Samuel Eto’o salue l’impact de Gianni Infantino sur le football africain

À l’occasion des dix ans de mandat de Gianni Infantino à la présidence de la FIFA, Samuel Eto’o, président de la Fédération camerounaise de football (FECAFOOT), lui a adressé un message public de félicitations. L’ancienne star mondiale a mis en avant les avancées significatives pour le continent africain sous la direction du dirigeant suisse.
Une décennie de transformations pour l’Afrique
Dans sa déclaration, Samuel Eto’o a souligné plusieurs réalisations majeures. Il a notamment pointé le renforcement de la place de l’Afrique dans le paysage footballistique mondial, attribuant en partie ce progrès au programme FIFA Forward. Ce dispositif a, selon lui, permis l’injection de plus d’un milliard de dollars d’investissements dans le développement du sport sur le continent.
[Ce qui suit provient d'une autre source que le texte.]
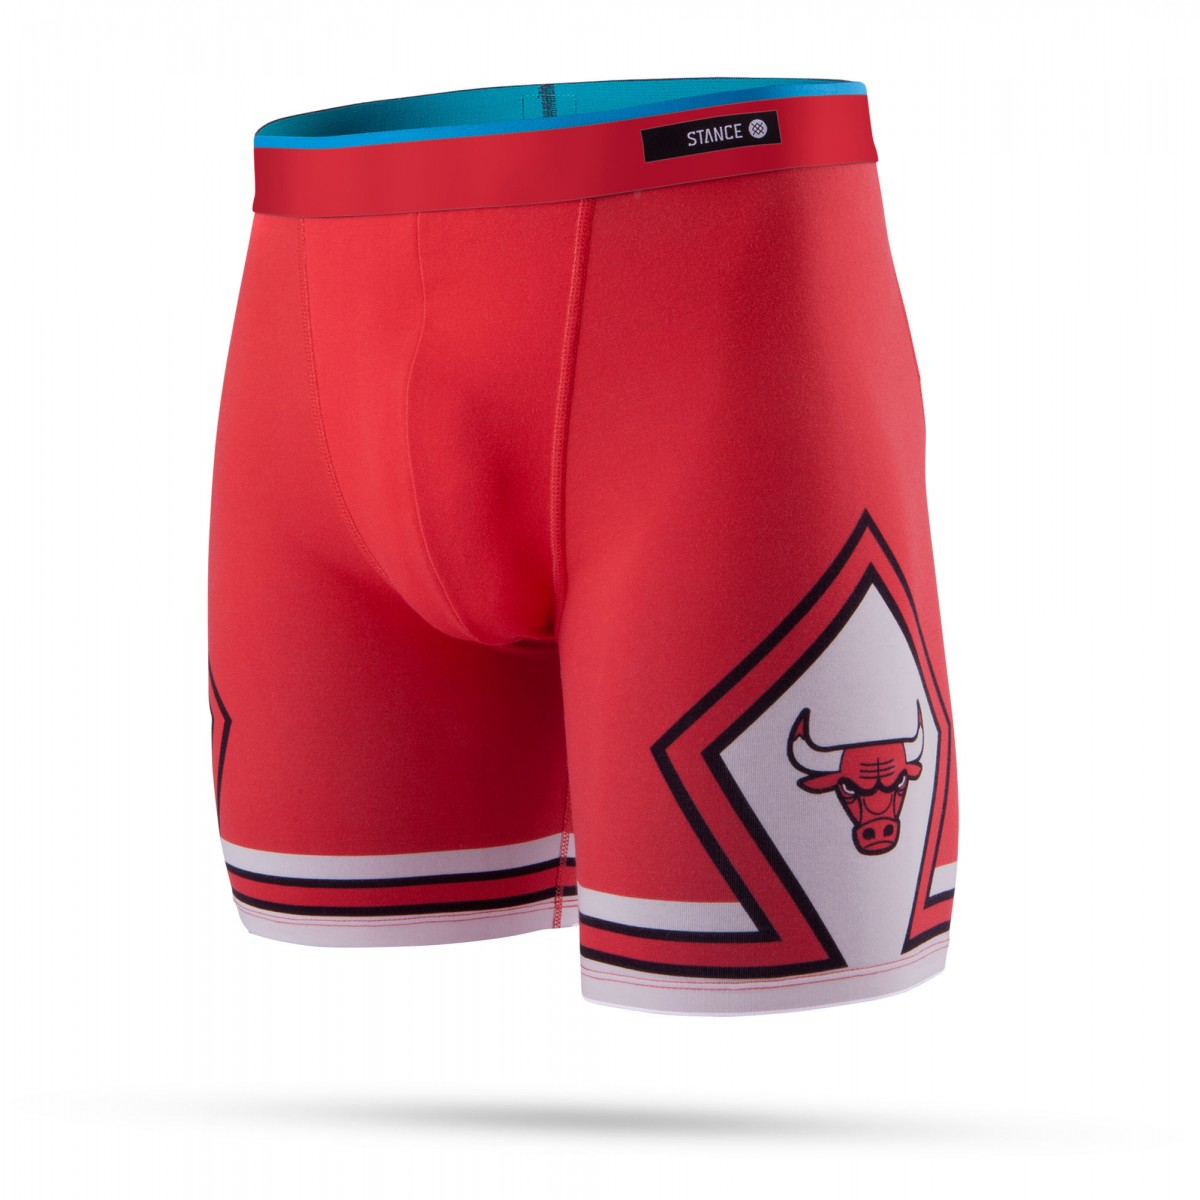 Stance Mens Underwear Fitted Boxer Brief 'Bulls'

Une évolution concrète citée par le dirigeant camerounais concerne la représentation africaine en Coupe du monde. Le nombre de places allouées aux sélections du continent est passé de cinq à neuf pour le tournoi à 48 équipes prévu en 2026. Cette progression pourrait même atteindre dix places si la République Démocratique du Congo parvient à se qualifier via les barrages intercontinentaux.
Eto’o a également salué les efforts en faveur du football féminin, estimant qu’ils ont permis aux jeunes filles africaines de nourrir de plus grandes ambitions sportives.
Un mandat marqué par des réformes et des controverses
Gianni Infantino a accédé à la tête de la FIFA en février 2016, succédant à Sepp Blatter, contraint à la démission dans un contexte de scandales de corruption. Son élection a inauguré une ère de changements structurels majeurs.
Parmi les décisions phares de sa présidence figurent l’expansion de la Coupe du monde masculine à 48 équipes et l’introduction généralisée de l’assistance vidéo à l’arbitrage (VAR) dès la Coupe du monde 2018 en Russie. Sa gestion a parallèlement dopé les revenus de l’instance, permettant une redistribution accrue aux fédérations nationales, laquelle a atteint 2,8 milliards de dollars en 2023.
Ce parcours n’a cependant pas été exempt de turbulences. Peu après son élection, son nom a été associé aux révélations des Panama Papers concernant des contrats signés durant son passage à l’UEFA. Son mandat a aussi été émaillé de tensions avec le comité d’éthique de la FIFA, dont il a limogé deux responsables en 2017 alors que des investigations le concernaient. Il a par la suite été cité dans l’enquête Football Leaks sur des contournements présumés des règles de fair-play financier.
Sur le plan financier, la rémunération du président de la FIFA a connu une hausse, passant d’environ 1,4 million d’euros en 2016 à près de 2 millions d’euros en 2023, complétés par un bonus de 1,6 million d’euros lié à l’organisation de la Coupe du monde au Qatar.
Réélu sans opposition pour un troisième mandat jusqu’en 2027, Gianni Infantino poursuit ainsi un leadership qui continue de façonner profondément l’avenir du football mondial et africain.